# Your Name



## qwertyportne (Oct 4, 2014)

This white hair and Choctaw chin
don't make me a chip off the old block.

But I could have used a piece of you
when the chips were down
and I was out of aces.

You cloned and collared me 
to place your bets
and play your hand.

But I’ve got my own cards now
and they won't be 
fuel for your feeble fire,
wind for your weary wings, 
nor saddled to carry you one more step 
down that long, dark tunnel.

Your name might have fit like an old shoe,
but you stuffed a sock in my soup,
then served the cookbook as the meal.

The last time you closed that heavy door,
turned out your light,
one of the lights in me went out...

but another light came on.


----------



## wainscottbl (Oct 4, 2014)

> collared me



Is this a technical term meaning, viz: 


> 19.      to lay hold of, seize, or take.



Like taking your money in the cards. Sorry I was not familiar with it. 

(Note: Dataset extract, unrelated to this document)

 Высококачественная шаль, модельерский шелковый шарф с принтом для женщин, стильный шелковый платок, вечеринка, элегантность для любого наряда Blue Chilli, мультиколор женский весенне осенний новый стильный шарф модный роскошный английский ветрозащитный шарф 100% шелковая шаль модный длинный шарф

> Your name might have fit like an old shoe,
> but you stuffed a sock in my soup,
> then served the cookbook as the meal.



That made me smile. I like that metaphor, even though I only half understand what is going on. :witless:

Well written in terms of metre and pithy. I'm only half sure of what is going on but that may or may not be a bad thing. Cards obviously and it seems to me some friend was not there when you had a bad game to help you? Maybe I am just dull. And since this may be personal it does not necessarily have to be perfectly understood by the reader. I'll leave it to other readers to say if they concur with me. You know, "Poem from Quebec-Whiskey-Echo-Romeo-Tango: Poem is good but unclear. The poem is authentic." So do others incur? :icon_cheesygrin:


----------



## Firemajic (Oct 4, 2014)

When you wrote your beautiful poem "Back seat" , I became a fan of your poetry,This one is no exception...You have some beautiful lines and intriguing wordplay. I do not understand all the complexity of this,and that's ok with me. Would I love to know? Oh yes! But still--Very nice.  Thanks for sharing,    Peace...Jul


----------



## Cran (Oct 4, 2014)

Despite the sense of a serious internal message, you had fun with this one, didn't you? 

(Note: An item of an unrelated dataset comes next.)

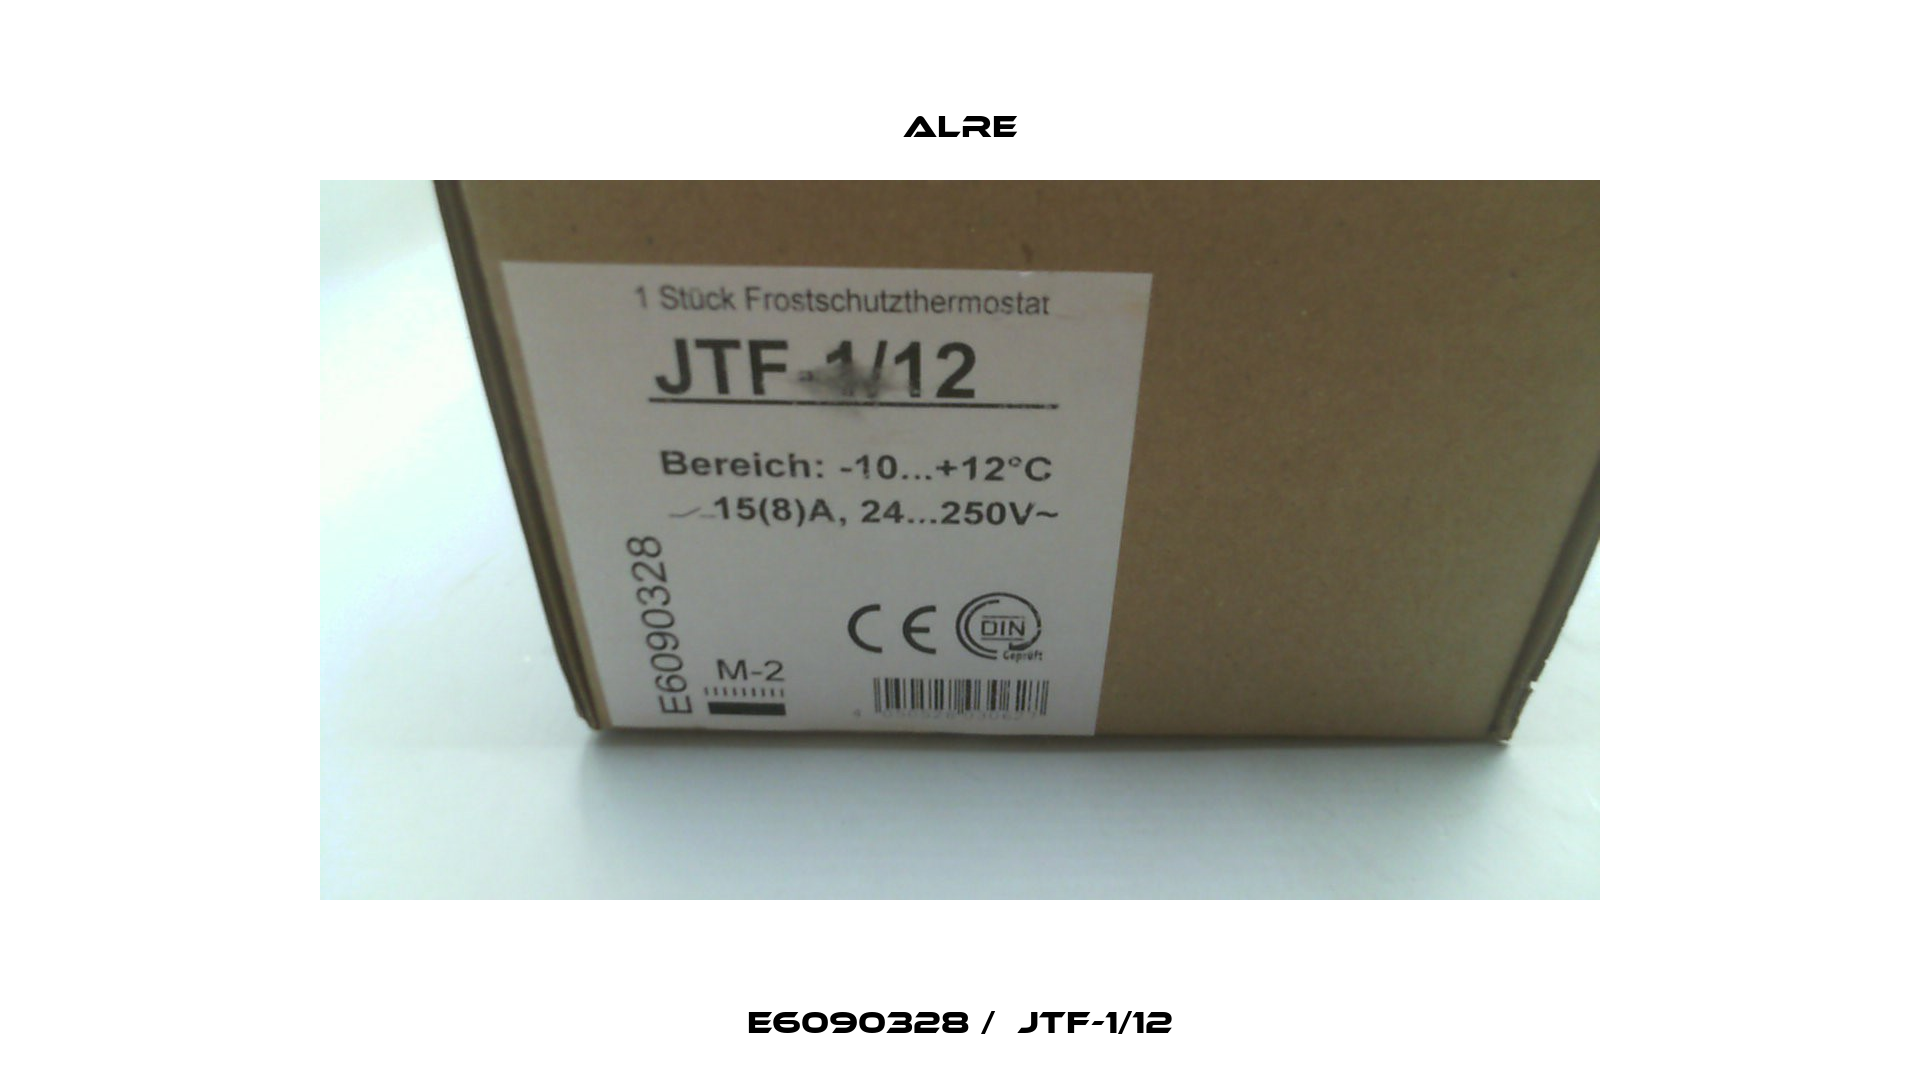 E6090328 /  JTF-1/12 Alre

With the interleaved and overlaid mixed metaphors and tangled sayings (playing with cliches), it's not easy at the last to decide if you are addressing a person or an idea like an addiction. Perhaps it is a little of both?  

Certainly, nothing jumped out and screamed, "typo!", "nit!",or "grammar alert!". 

Well done.


----------



## Kevin (Oct 4, 2014)

A rejection of dysfunctional legacy; the 'name' would imply paternal.  No real specifics, but the gist is universal, at least to those of similar ilk.


----------



## escorial (Oct 5, 2014)

one of those pieces were i can detect a bit of fun between the lines..liked


----------



## qwertyportne (Oct 5, 2014)

Thanks for the feedback, everyone. As usual, informed and enlightening.

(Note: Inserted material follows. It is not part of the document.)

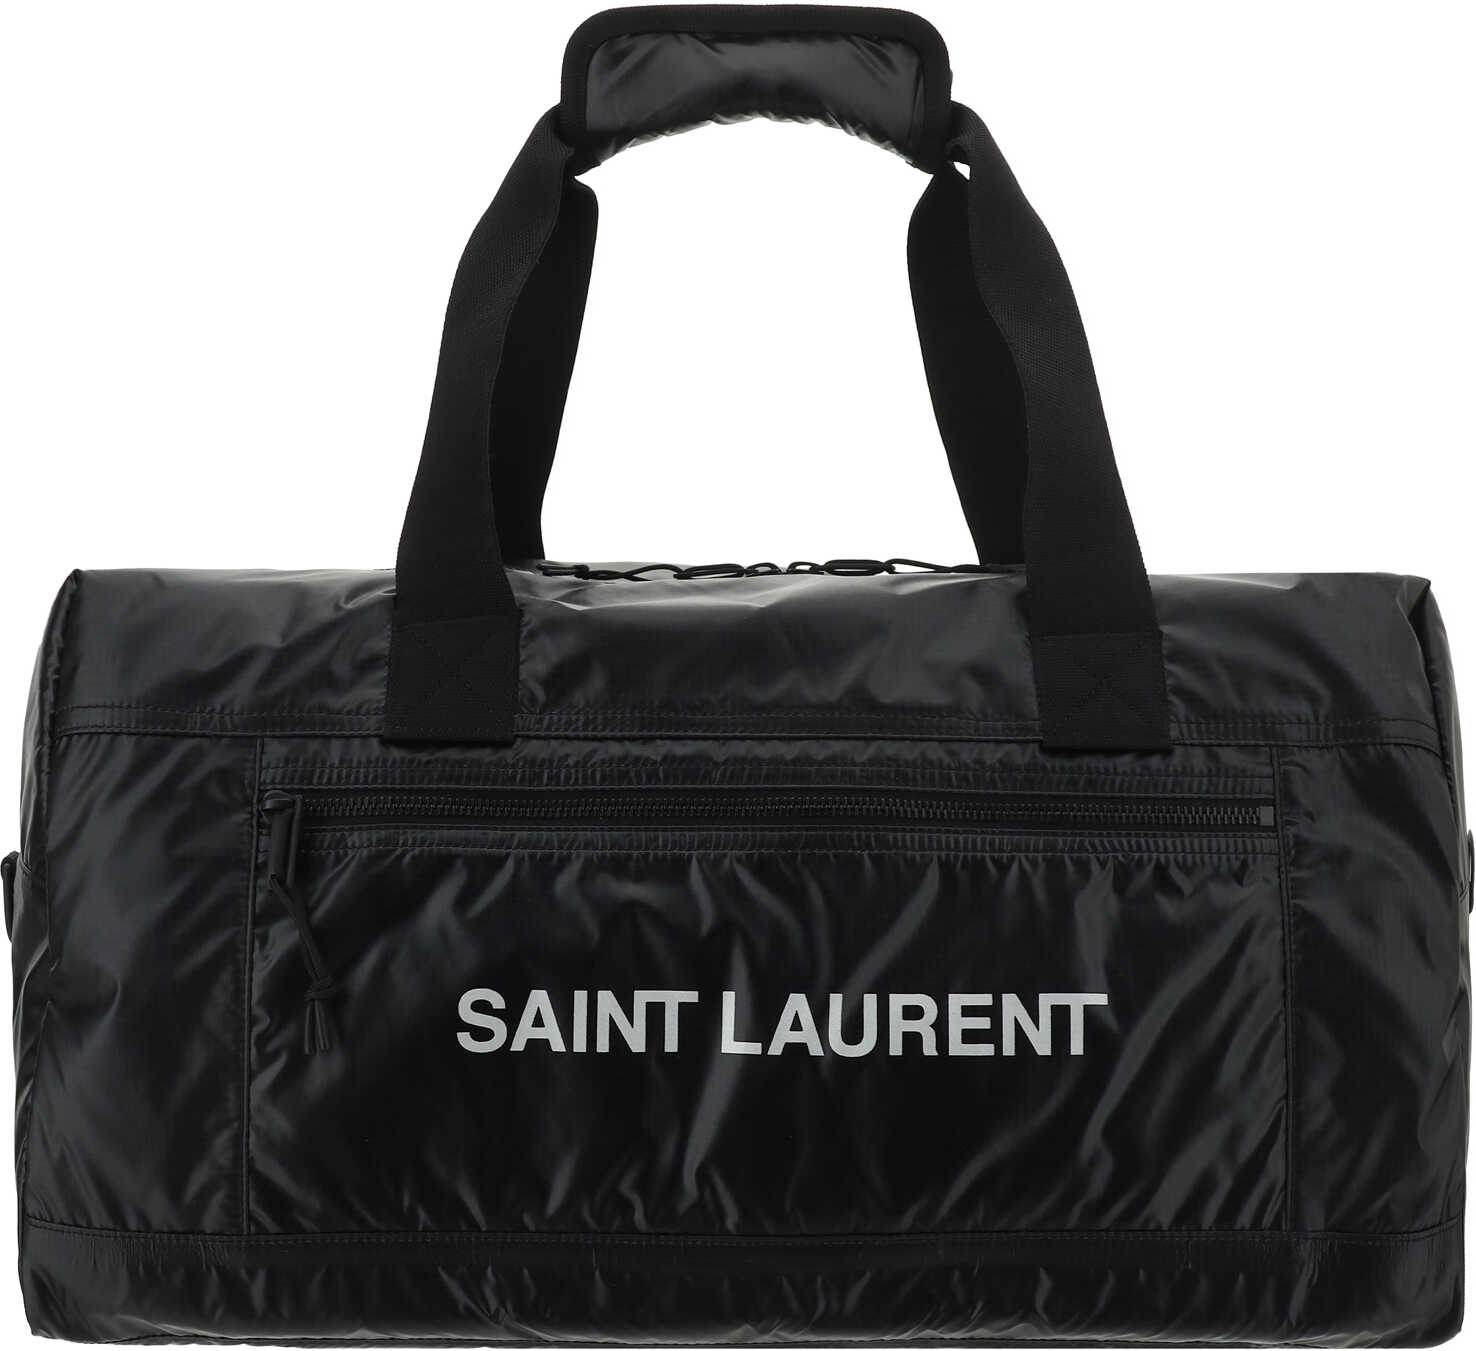 Saint Laurent Saint Laurent Duffle Bag NERO/ARGENTO

My intention was to convey my thoughts and feelings figuratively, not literally. But yes, it could be, perhaps should be, a bit more lucid. There were a few images that were literal, such as "white hair" and "Choctaw chin" which refer to ways in which I was physically similar to my father. He was born in Oklahoma. As some of you may know, the Choctaw were moved from Missouri to the "red" state.

So Kevin had it right. A rant about my father who was about as accessible as a brick wall. Always a father but never a dad. Hence the door being closed and the light being off. 

Another literal phrase is "your name." According to my mother, he insisted I be named after him. Hence the "clone" and "collared" images. Can't remember why I used poker as a metaphor to carry that idea. And I'm not sure "collared" is a word you should use for card games. Knowing me, I probably got carried away with the "c" and "cl" sounds. But like Johnny Cash's song about a _Boy Named Sue_, having a name I didn't like did more to help than hinder my individuation, a word I learned from Carl Jung. There I go again with the "cl" sounds!

I long ago got past my teenage angst over what Kevin so accurately named "dysfunctional legacy" so someday I will write the memoir my father so richly deserves, a memoir in which I acknowledge his good qualities and the positive contributions he made to my life. Probably call it Crusty Old Marshmellow.

And Cran and Escorial, you got between the lines, didn't you? Yes, it was fun getting some of that stuff off my chest, down on paper, and eventually on to a computer screen where I could push the "Post" button. 

In my "open mic" days, I performed this poem before live audiences several times. I was always surprised that someone in the audience, sometimes two or three, would see it in ways I had not intended. One night in a coffee house, after performing this poem, a woman stood up and yelled "He's talking about my ex husband!"

Poetry can do that. And the poems I have read here at WF do that more consistently than any other forum I've ever participated in. Thanks WF!


----------



## Ethan (Oct 5, 2014)

8-[8-[8-[WHAT HAPPENED....DID I MISS SOMETHING


----------



## wainscottbl (Oct 5, 2014)

I did not see the father thing but that's not bad per se. You mentioned it should be more lucid. Maybe, but you also mentioned Jung. In that case if it is about your psychological sufferings over the father issue why make it lucid. Are all such thoughts, especially dreams, lucid?


----------



## Cran (Oct 5, 2014)

qwertyportne said:


> And Cran and Escorial, you got between the lines, didn't you? Yes, it was fun getting some of that stuff off my chest, down on paper, and eventually on to a computer screen where I could push the "Post" button.


I couldn't tell if it was your father, or the more abstract idea of, say, founding fathers, or indeed a bit of both (hence my comment). But don't make that a reason to change it or 'make it more lucid' - often the value in a piece for others might not have been as intended and cannot be anticipated. 



> In my "open mic" days, I performed this poem before live audiences  several times. I was always surprised that someone in the audience,  sometimes two or three, would see it in ways I had not intended. *One  night in a coffee house, after performing this poem, a woman stood up  and yelled "He's talking about my ex husband!"*
> 
> Poetry can do that. And the poems I have read here at WF do that more  consistently than any other forum I've ever participated in. Thanks WF!


Yes, and not just poetry. I had similar when live performing one of my songs. I think it's meant to tell us that we scored a hit, touched another's life by sharing something personal and familiar.


----------



## dannyboy (Oct 5, 2014)

I wouldn't change a thing.


----------